Aslında her varlık gücünü Allah’dan alır. Doğal olarak
güç buraya ait ,Tekliğe ait ,Birliğe aittir. Bu bir
kurgu değil, hayal gücüde değil! Hakikatte; Birliğe ait
olan bilginin her an ,her yerde olduğunun bilincinde
olarak zaman kavramının rölatif olduğu düşünülerek bu
şekilde anlatılma çalışmasıdır.
Roman içinde
grafik olur mu ? Olursa neden olur?
Romanda, şiirde ve tiyatroda her türlü sanatsal yorumdan
amaç insandır. Her şey insan içindir. Bunun için günümüz
insanına bir konu nasıl anlatılabilir? Sorusuna…
GRAFİKLE’de anlatılır demek istedim.
Mısır gülü 12 yılda bir açarmış? Nasıl bir gül bu? Neyi
anlatmak istediniz?
Aslında anlatmak istediğim sabırdı. Bunu güneş
sistemindeki bir olaya bağladım.Jüpiter 12 yılda bir
güneşin çevresini dolaşır ve turunu tamamlar. Her yıl
yeni bir burça girer kendi yerine geri döndüğünde doğada
bereketli olaylar gözlenir. Gül ise kurgudur.
Yine de aklımdan çıkmayan bir noktadan bahsedeceğim. Fem
, yani goncaların yetiştirenin kalbi büyüklüğünde
olması.Bu bana eski bir kıssa gibi geldi.
O
zaman öyle olacakJ) Kıssa olmaya aday demek ki...

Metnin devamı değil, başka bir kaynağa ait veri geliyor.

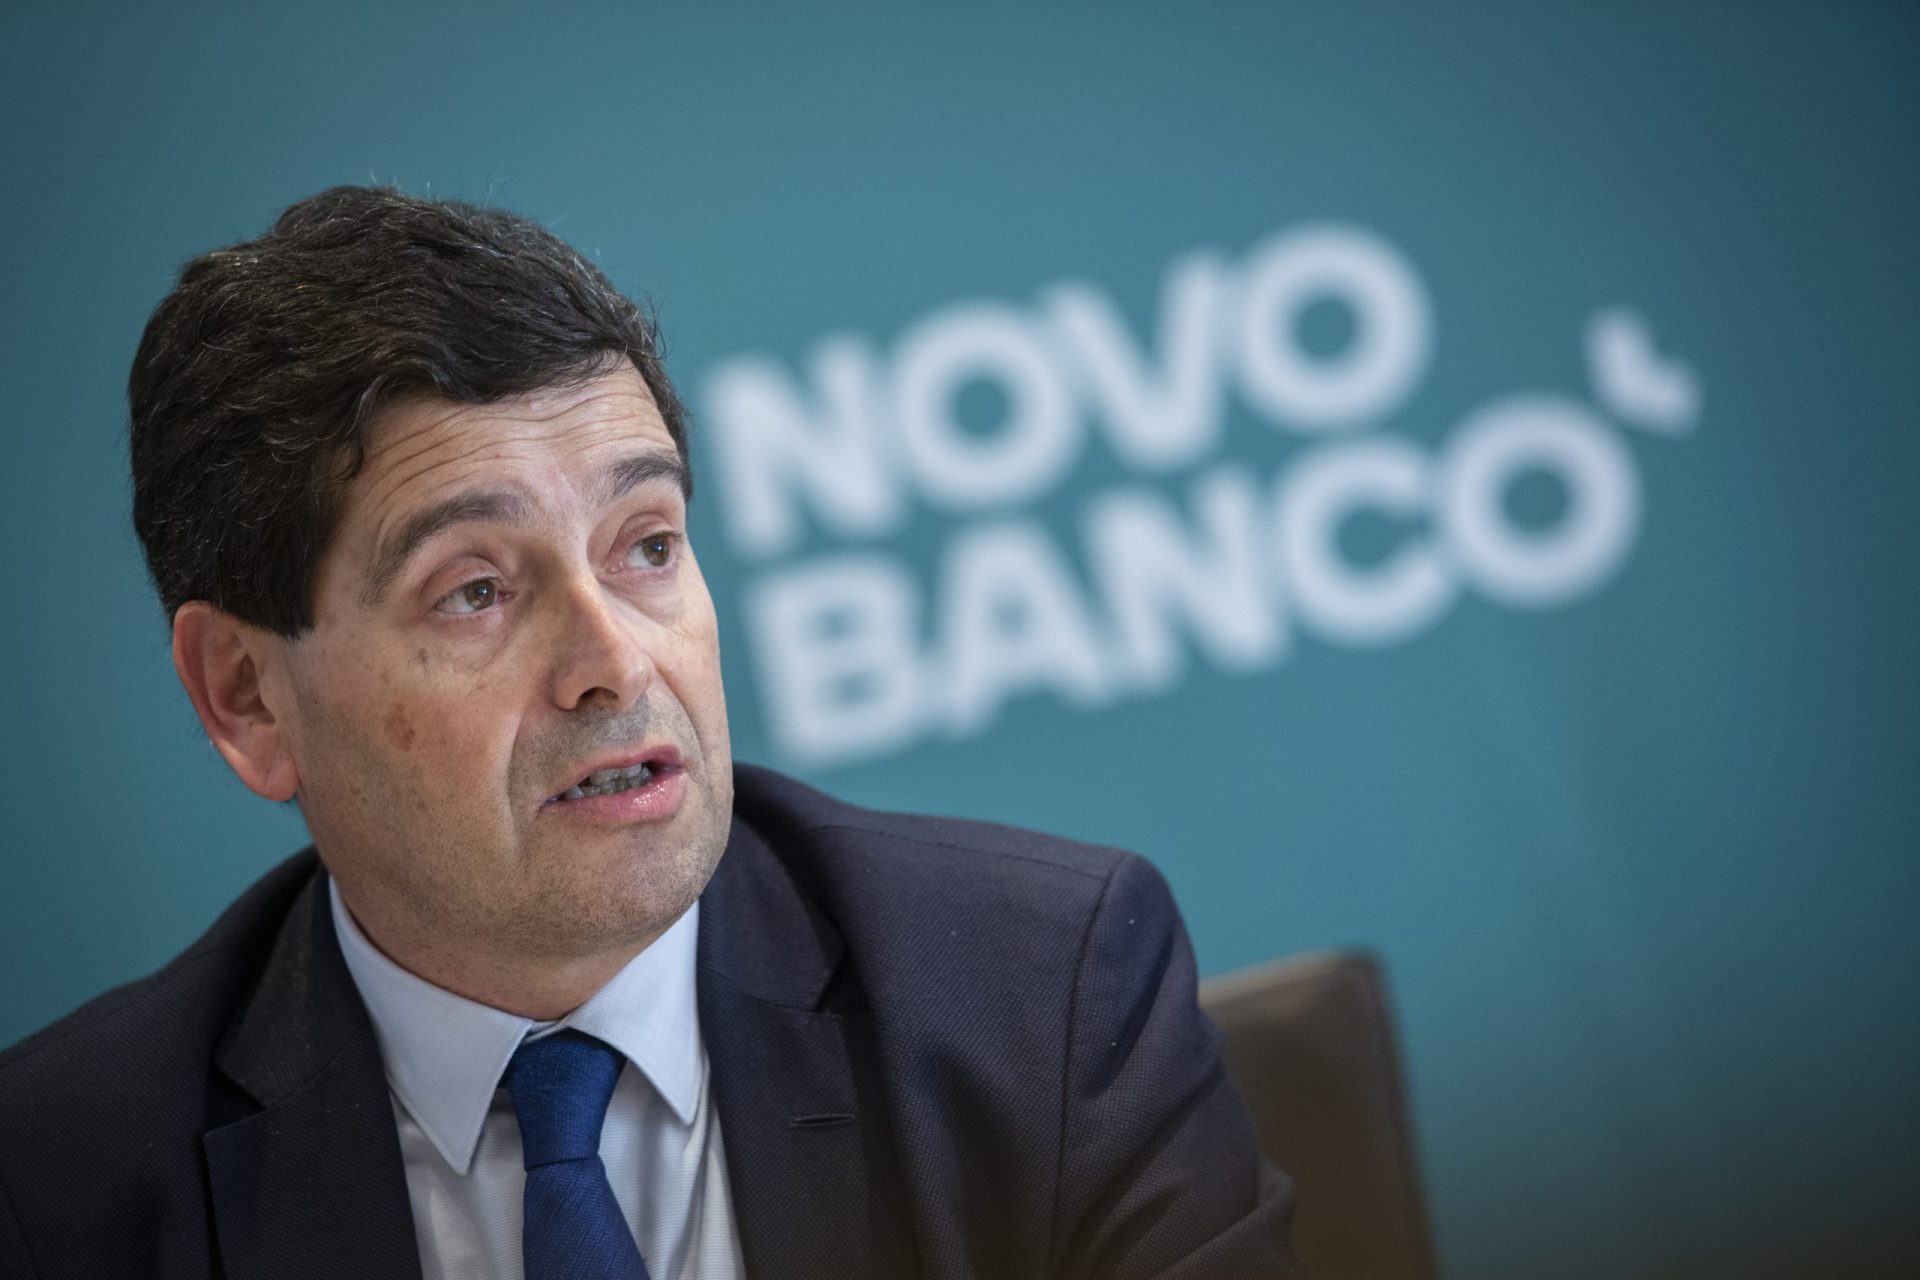 Novobanco. António Ramalho sai da liderança num virar de página
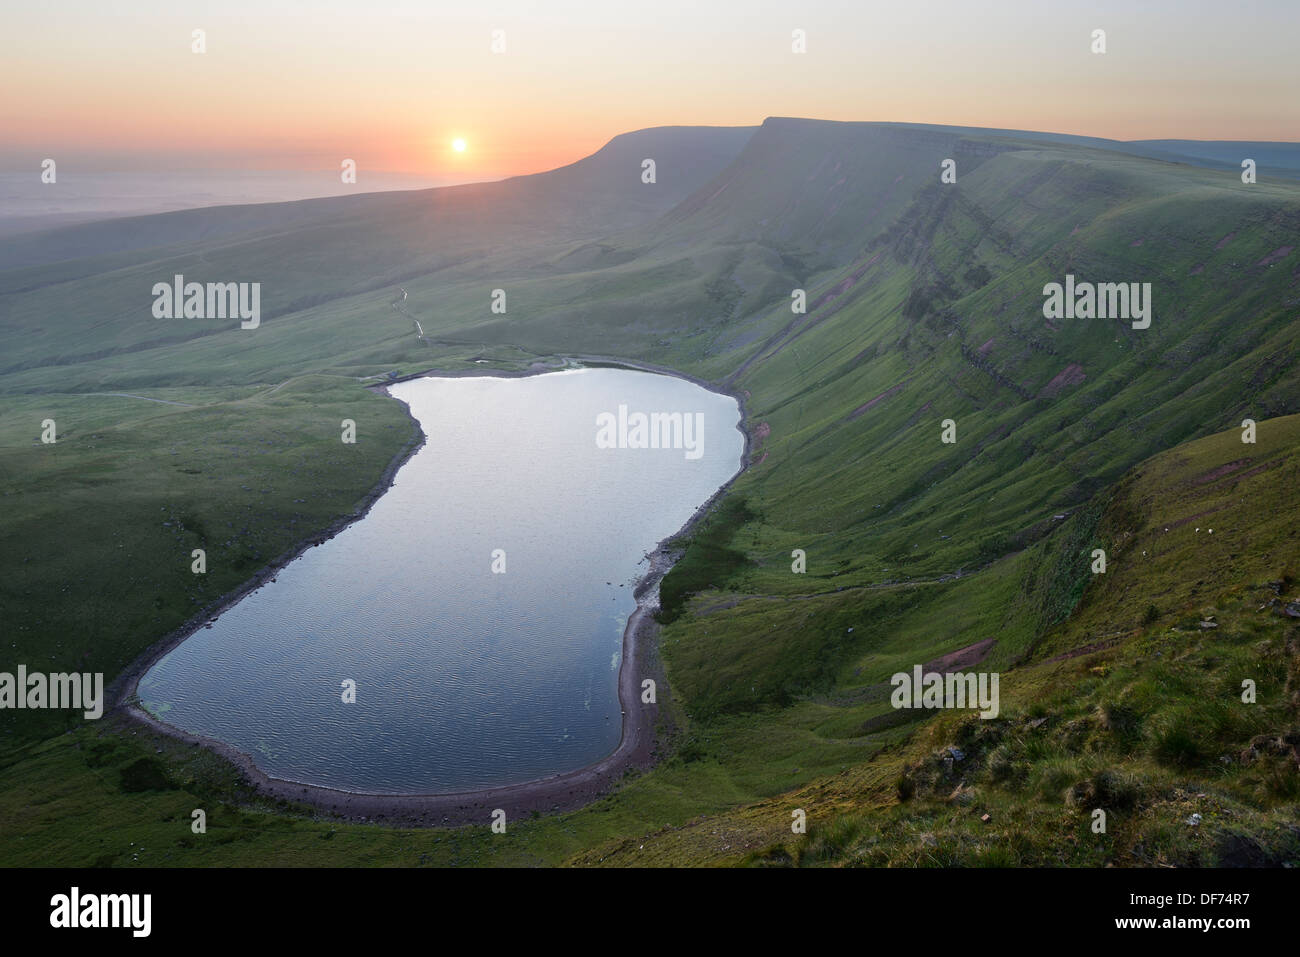 Sunrise, fotografiert von den Gipfeln des Berges schwarz, an der Grenze von Carmarthenshire und Powys, Wales, Vereinigtes Königreich. Stockfoto

Ali Bey,kitabınızın sadece Türkçe değil başka dillere
de çevrildiğini okuduk. Bu çalışmalarınız hangi aşamada?
Almancası bitmiş, editlenmiş durumda, yayıncılarla
diyalog halindeyiz. Japoncası tamamlanmak üzere, Rusçası
yarılandı. Portekizce ve İspanyolcasının çevirileri
devam etmektedir. Amacımız 46 dünya dili …
Birde Hauke Wagner’in eseriniz için söyledikleri ;
oldukça etkilenmiş. Siz ne düşünüyorsunuz yabancıların
bu tepkileri hakkında ?
Wagner’in sözleri beni onure etti ve sevindirdi. Fakat
biraz abartılı buldum çünkü çok değerli düşünürler gelip
–geçmiş alemden . Ummanın yanında damlanın adı mı
olur ?Biz damla olmaya çalışıyoruz.
İzninize sığınarak…
Estağfurullah… Bu keyifli sohbet için size çok teşekkür
ederim. Ali Aytaç ve İksir ; arkadaşlarımıza rahatlıkla
tavsiye edebileceğimiz bir eser olma niteliğini
taşıdığını düşüyorum. Başarı sizinle olsun.
Rica
ederim benim içinde çok keyifliydi. Güzel
temennilerinize ayrıca teşekkür ederim.